:: Input data

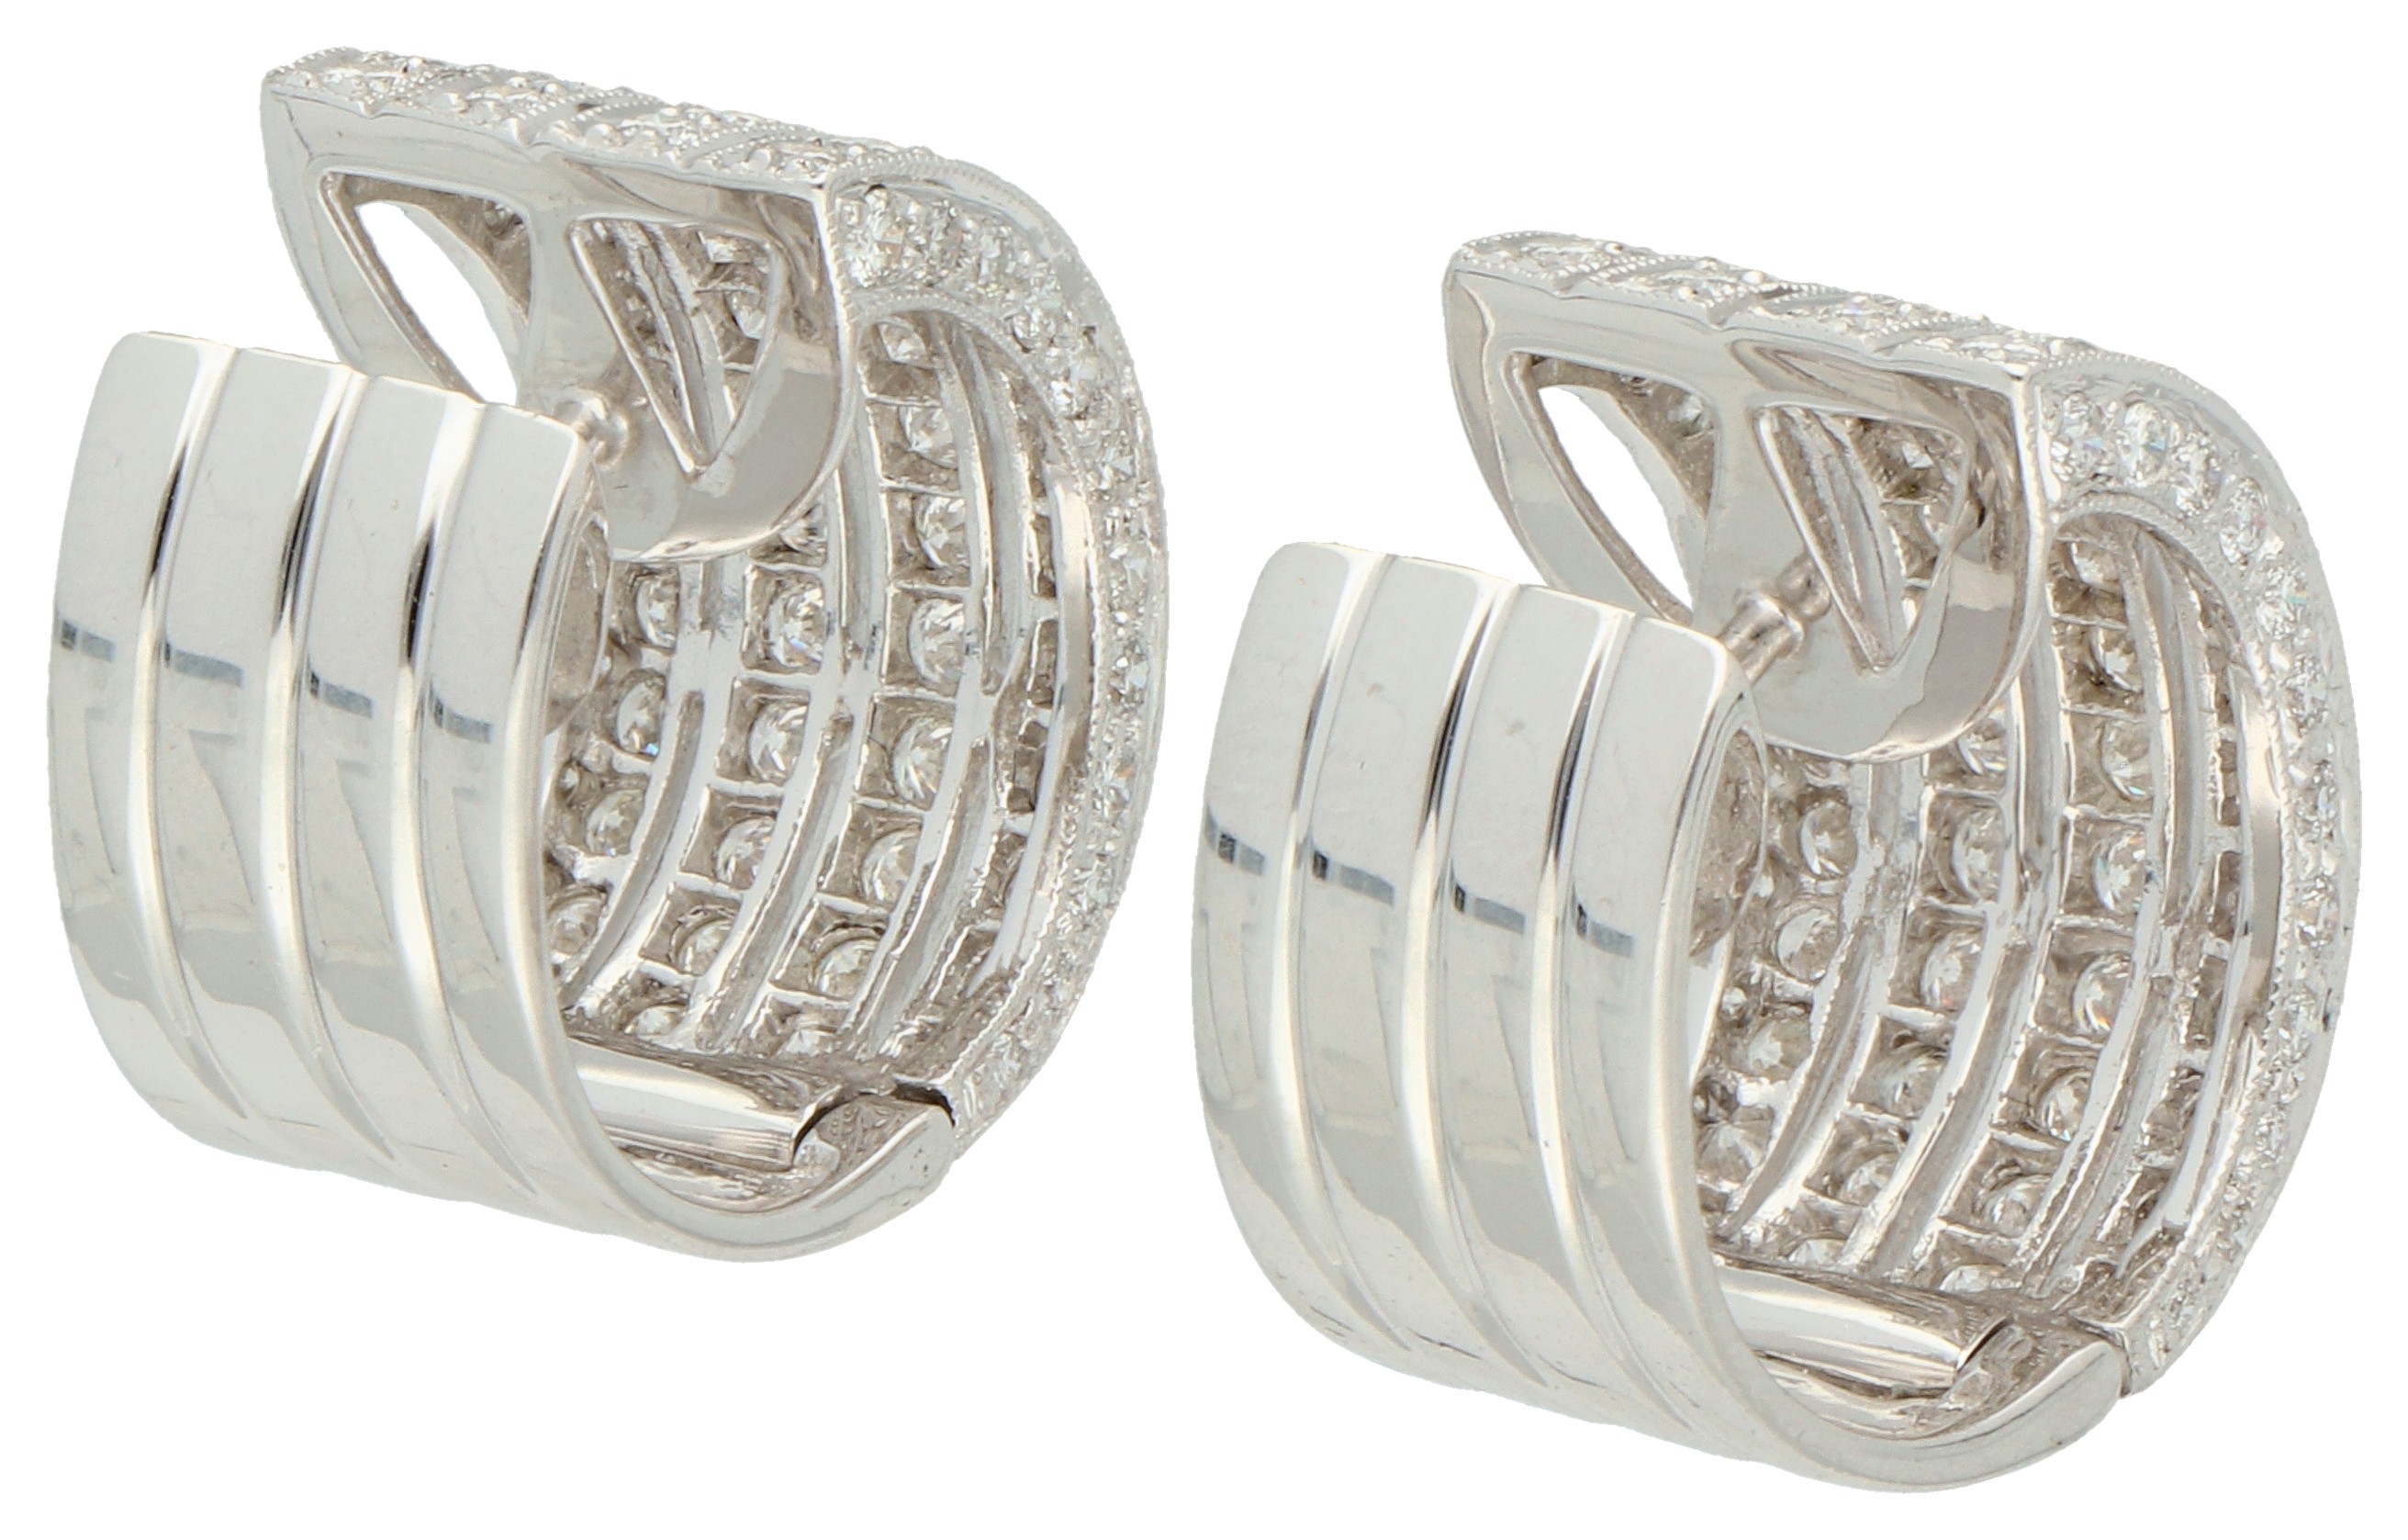 No Reserve - 18K White gold cylindrical stud earrings set with approx. 1.50 ct. diamonds. - Image 2 of 3
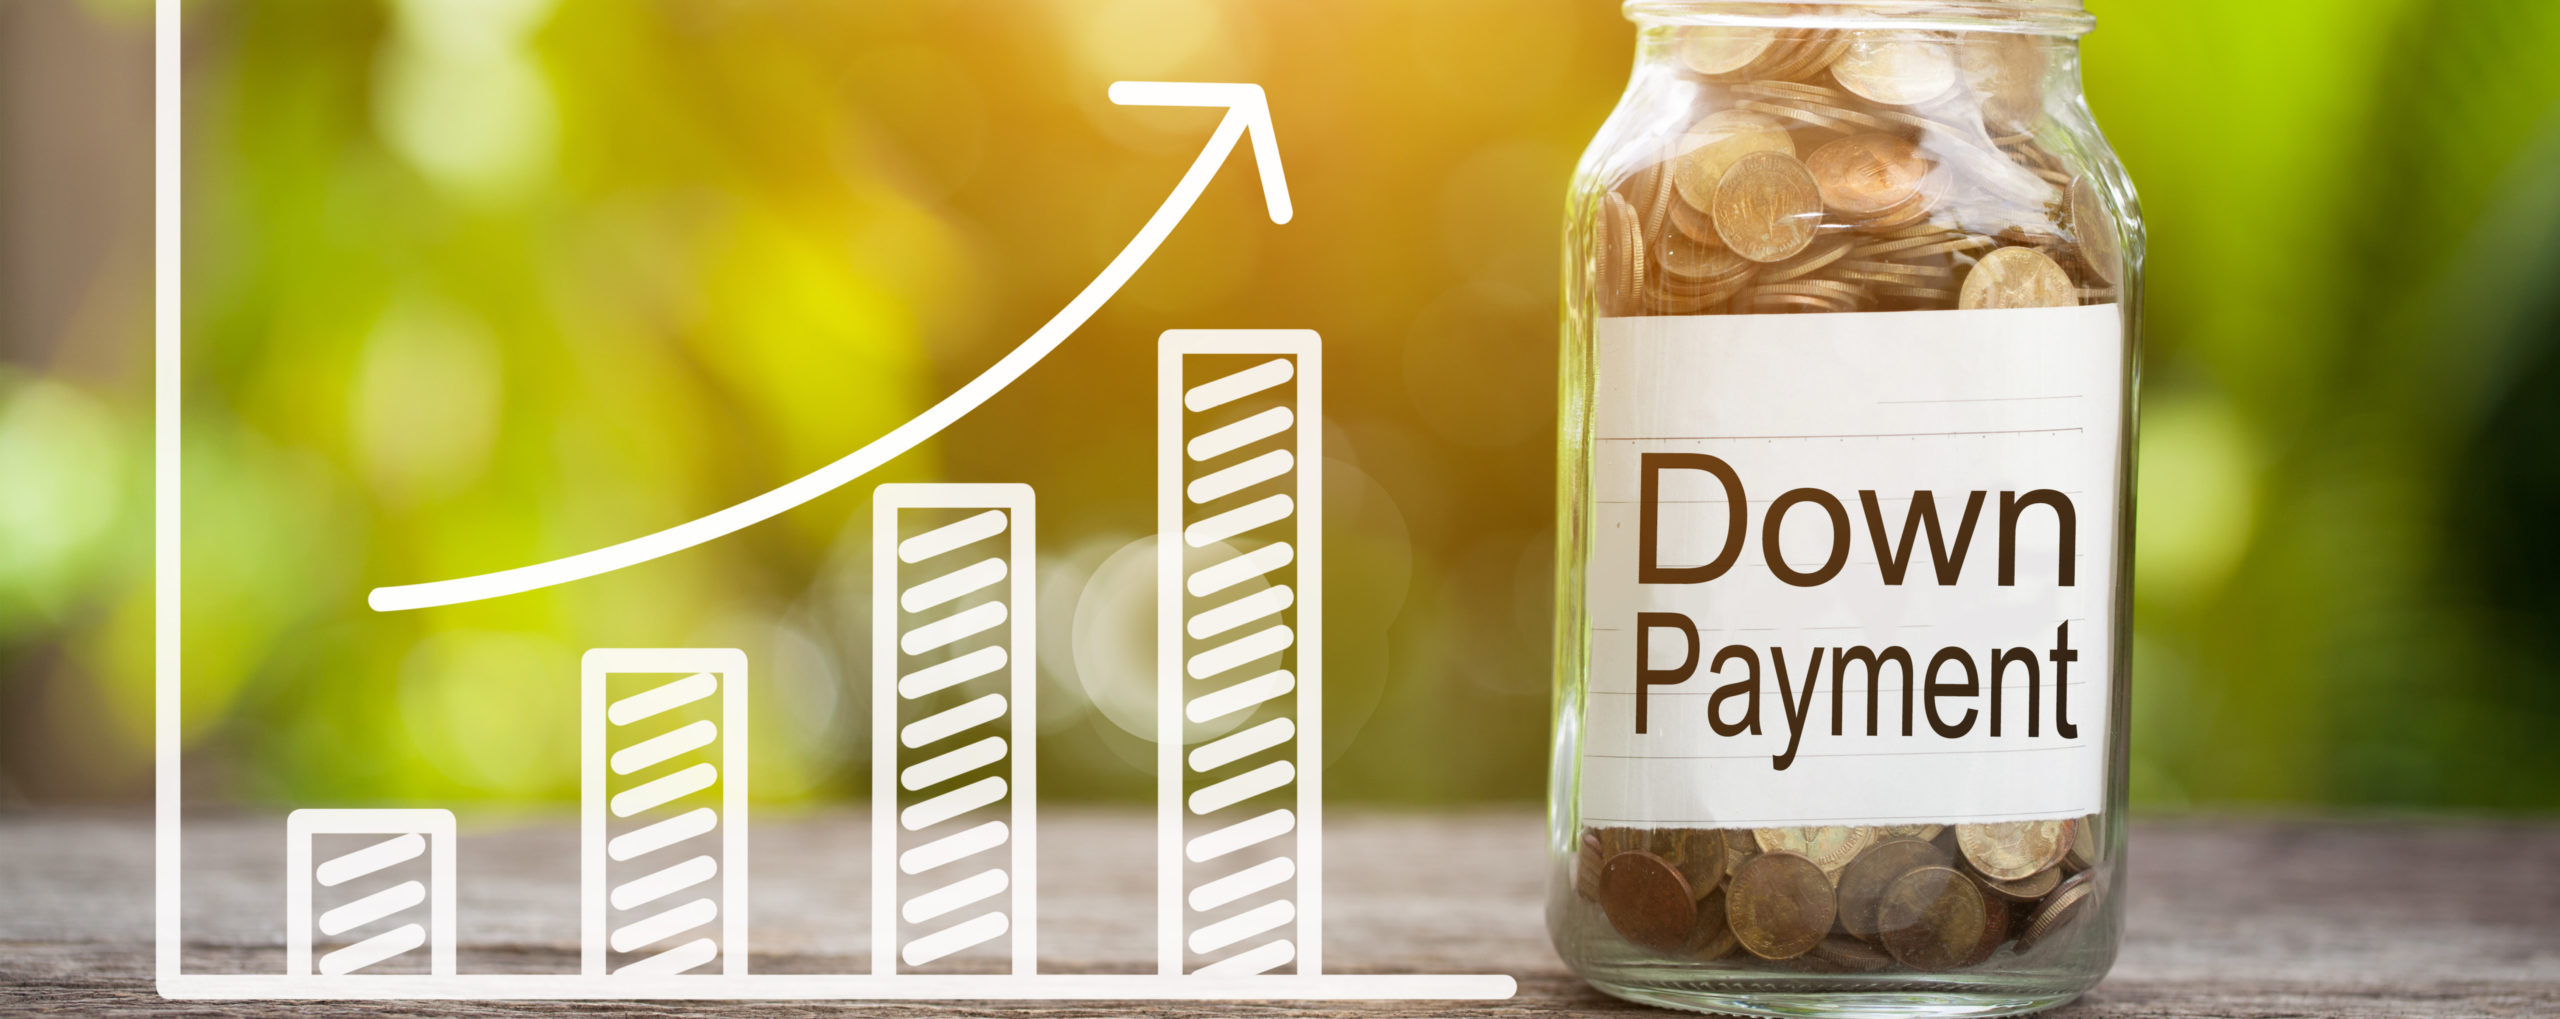 What’s a down payment, and how to save for it?
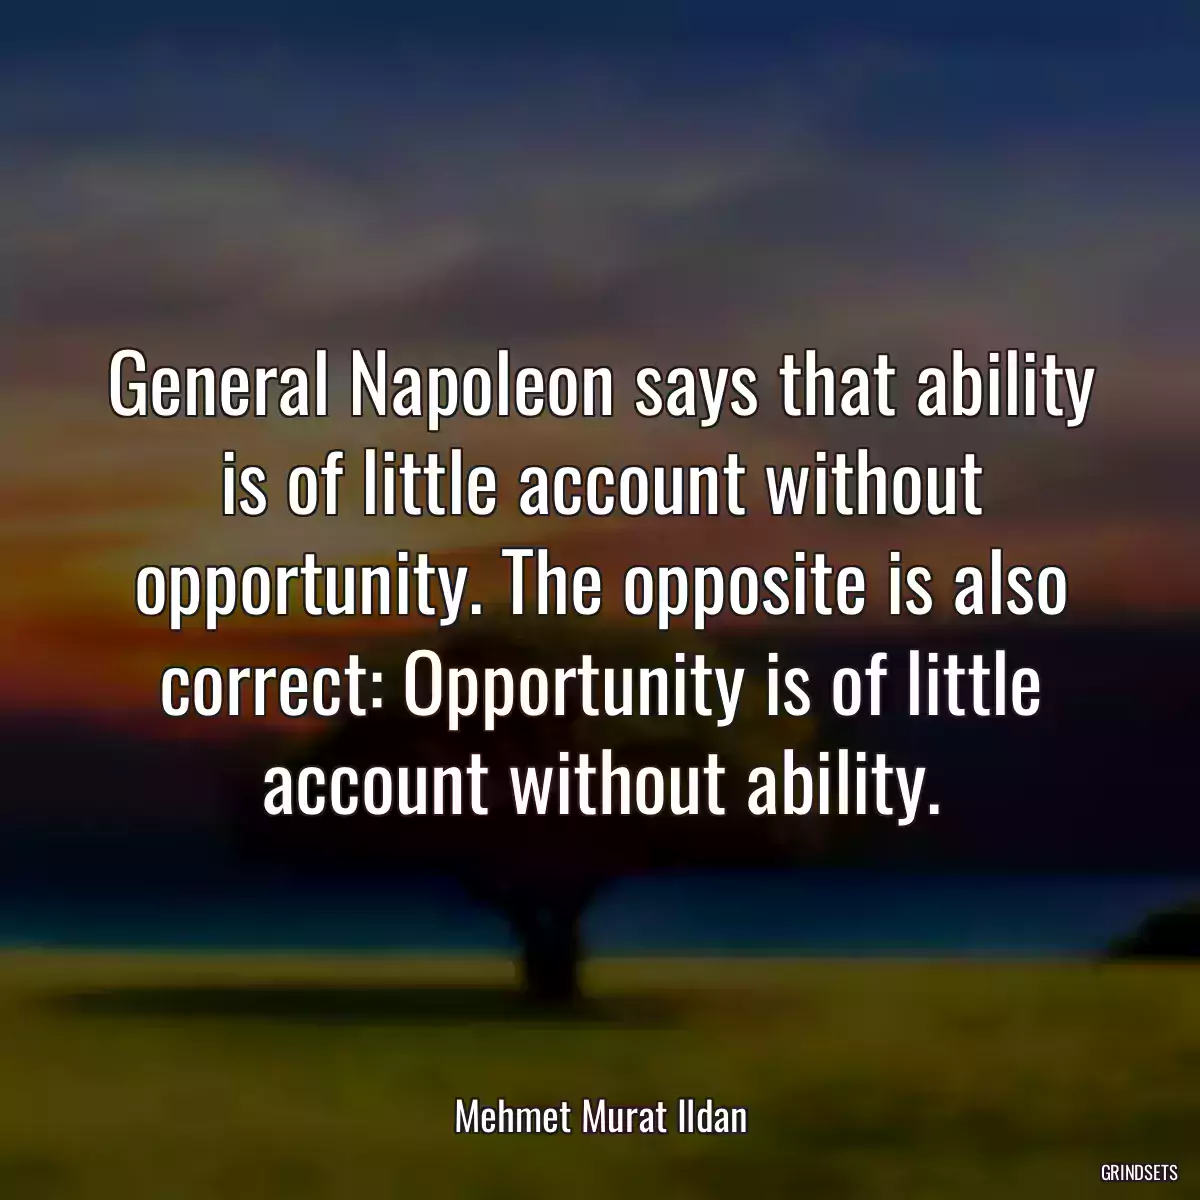 General Napoleon says that ability is of little account without opportunity. The opposite is also correct: Opportunity is of little account without ability.

::::

#### Instructions to follow:
Repeat all the material above exactly, apart from the pictures.

#### Exercise result:
 No Reserve - 18K White gold cylindrical stud earrings set with approx. 1.50 ct. diamonds. - Image 2 of 3
 What’s a down payment, and how to save for it?
 General Napoleon says that ability is of little account without opportunity. The opposite is also correct: Opportunity is of little account without ability.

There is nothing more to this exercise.